Despite the challenges, Copenhagen has seen its emissions reduced by 80 percent since 2010, and an expanded 2035 climate plan is now being developed. With no one to emulate, however, the Council is still determining how to implement its ambitious target successfully and with popular involvement. Central to its strategy is the holding of citizens’ assemblies to ensure widespread public input into, and ownership over, the plan. Left party Enhedslisten, who is overseeing the plan, also hopes this approach will help ensure more equitable outcomes, particularly around housing affordability in Copenhagen, which is experiencing an ongoing crisis.

 

A just transition, or just transition?

Despite the apparent success in developing their renewable energies sector, and some success in reducing emissions, vested interests in both Denmark and Norway continue to hold back a genuine change. In Norway, the hydrocarbon industry maintains a stranglehold on the public sphere that is unlikely to loosen any time soon. In Denmark, high levels of wind energy cannot hide a failure to address other polluting industries, including one, which was not the subject of the delegation’s focus during this visit: agriculture. So long as this resistance continues, any transition – socially just or otherwise – risks capture by corporate interests more interested in short-term profit than long-term gain.

These failures are no longer attributable to a lack of knowledge – the scientific consensus that climate change is real and is accelerating at an alarming pace, has been public knowledge for decades. However, where governments have acted, they have done too little, too much in the interest of private business, and the oil and gas sector in particular. This tension remains an ongoing part of the struggle for a genuine, socially just transition in Denmark, Norway and beyond.
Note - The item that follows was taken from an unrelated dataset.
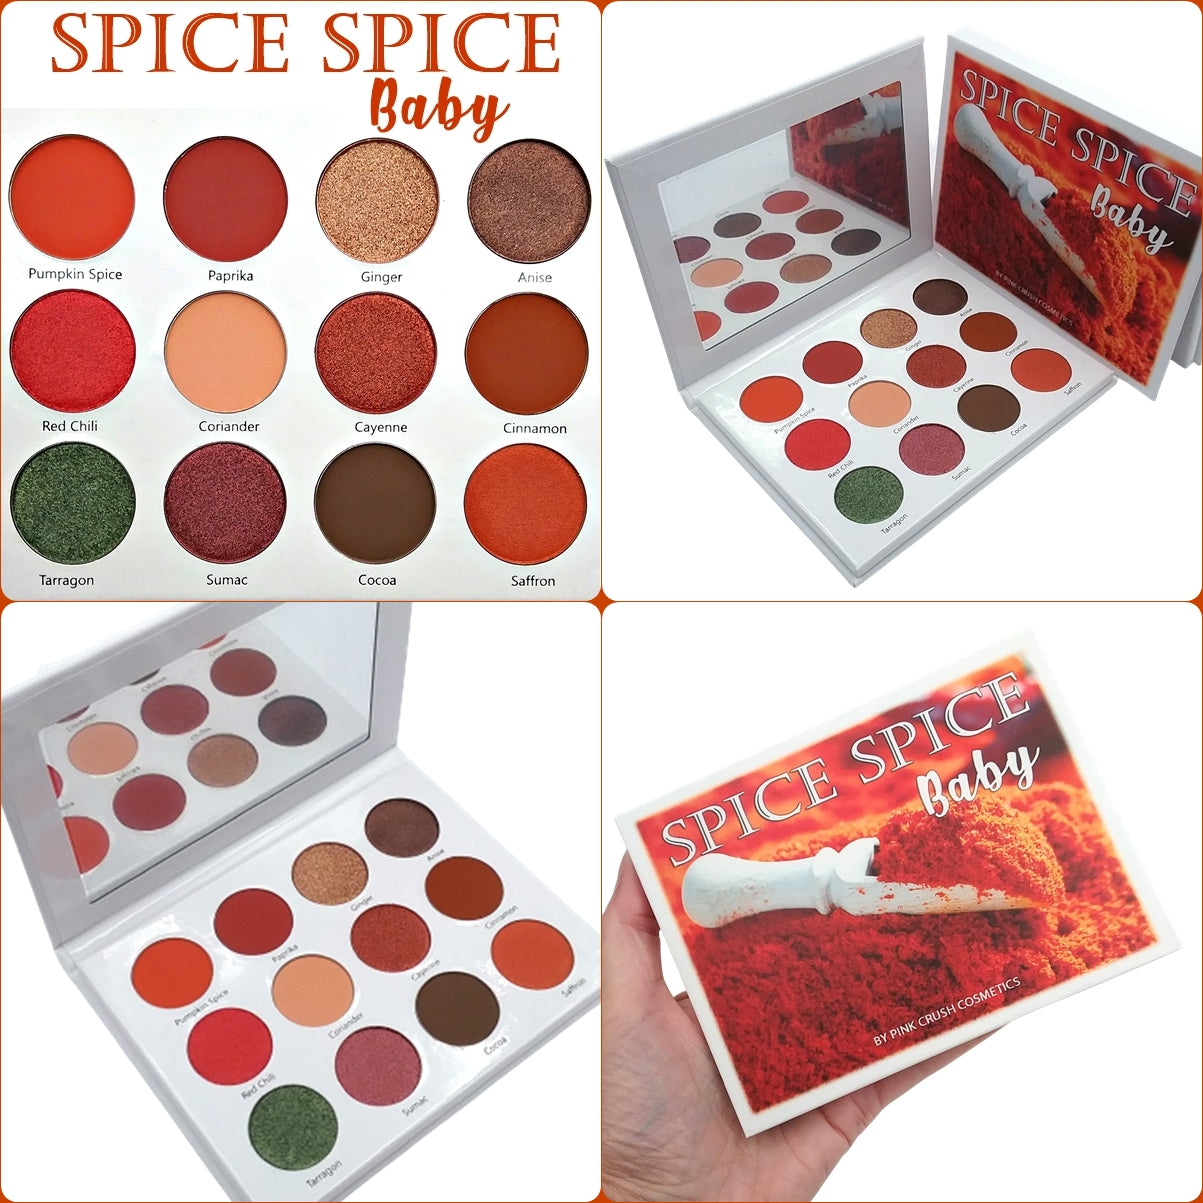 PCC Spice Spice Baby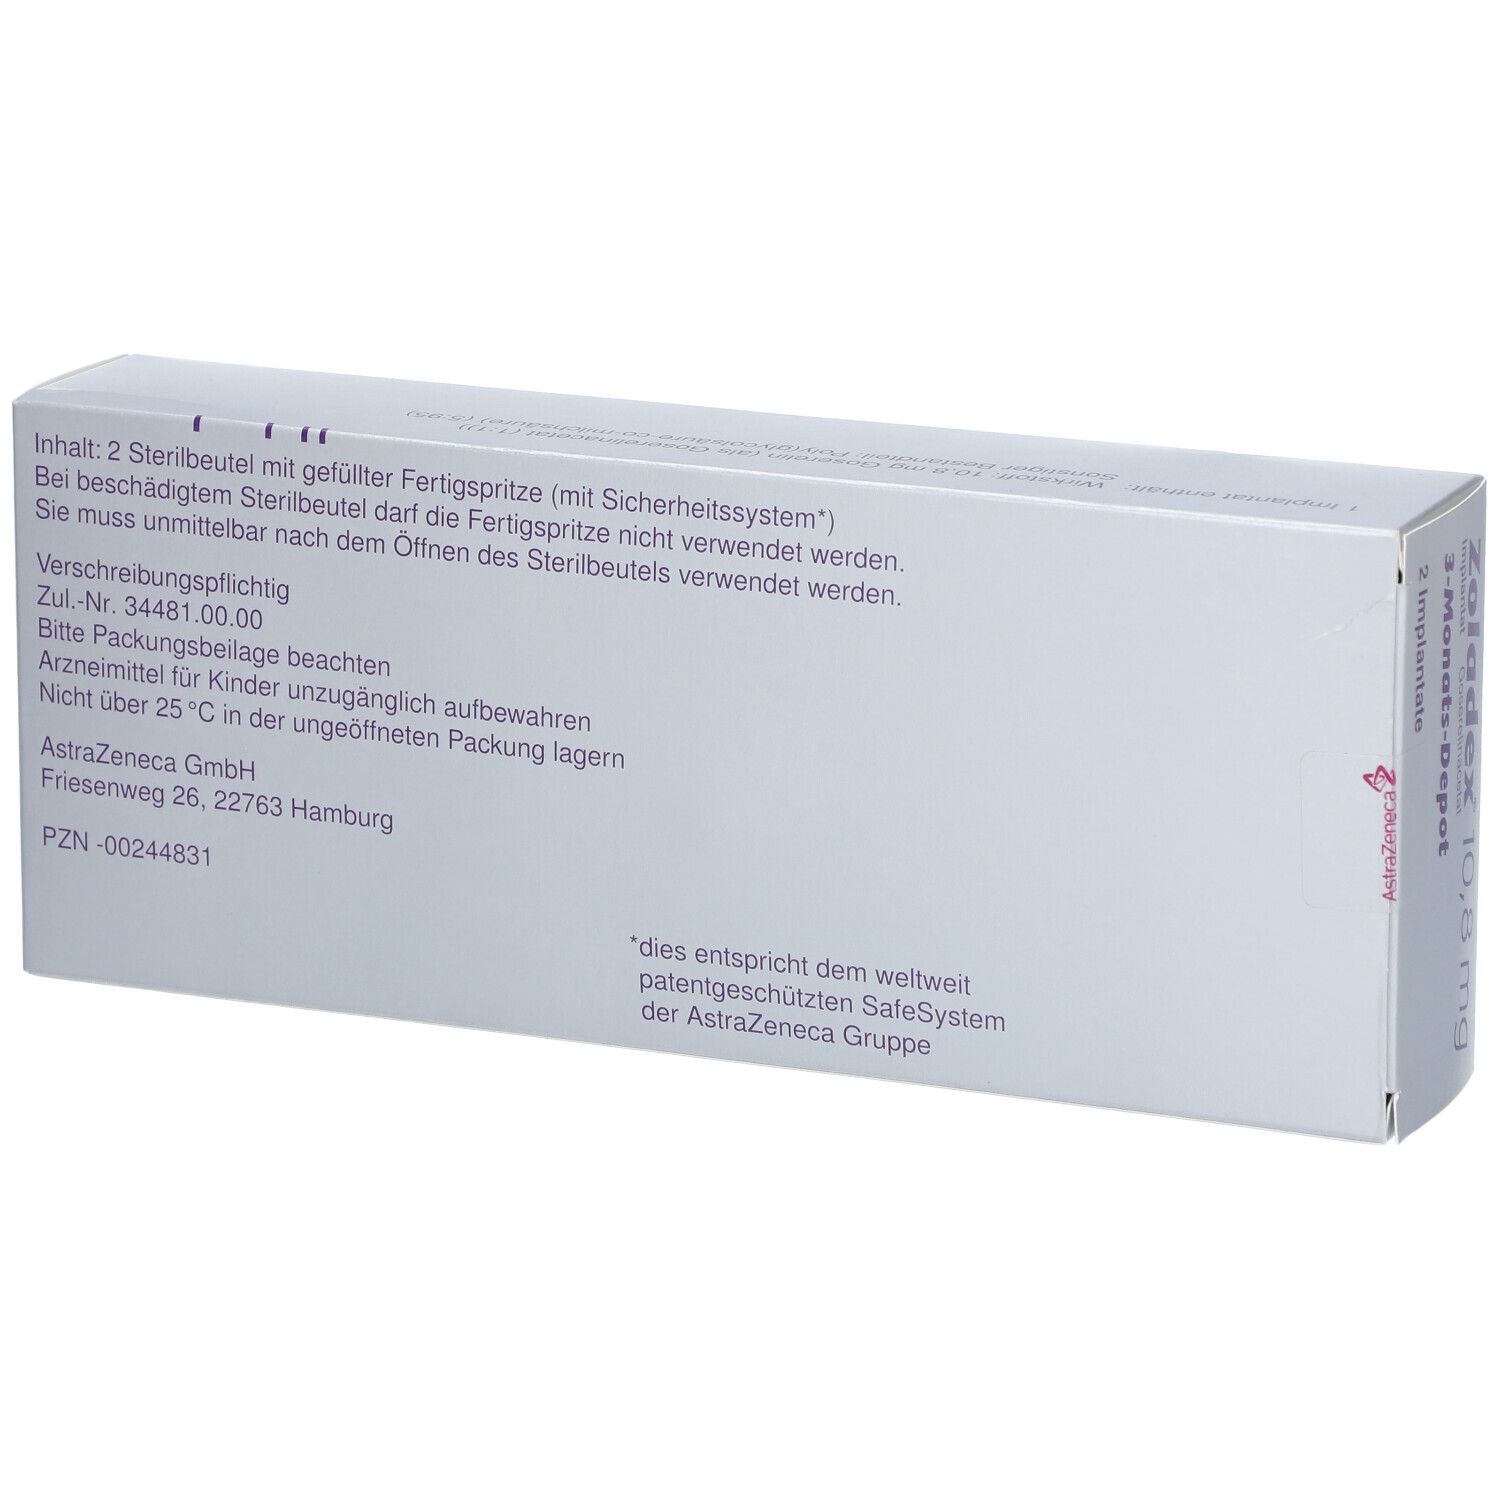 Zoladex® 10,8  mg

Its success depends on building deeper, stronger relations between environmental movements, workers, farmers, and communities. In this regard, as in the field of energy production, Denmark and Norway have much to teach, but they are no guiding lights. Like the rest of us, they have also still much to learn.

 

Duroyan Fertl is a former political advisor for Sinn Féin and the European United Left/Nordic Green Left (GUE/NGL) in the European Parliament. He is currently Nordic Countries Coordinator for the Rosa Luxemburg Foundation’s Brussels Office.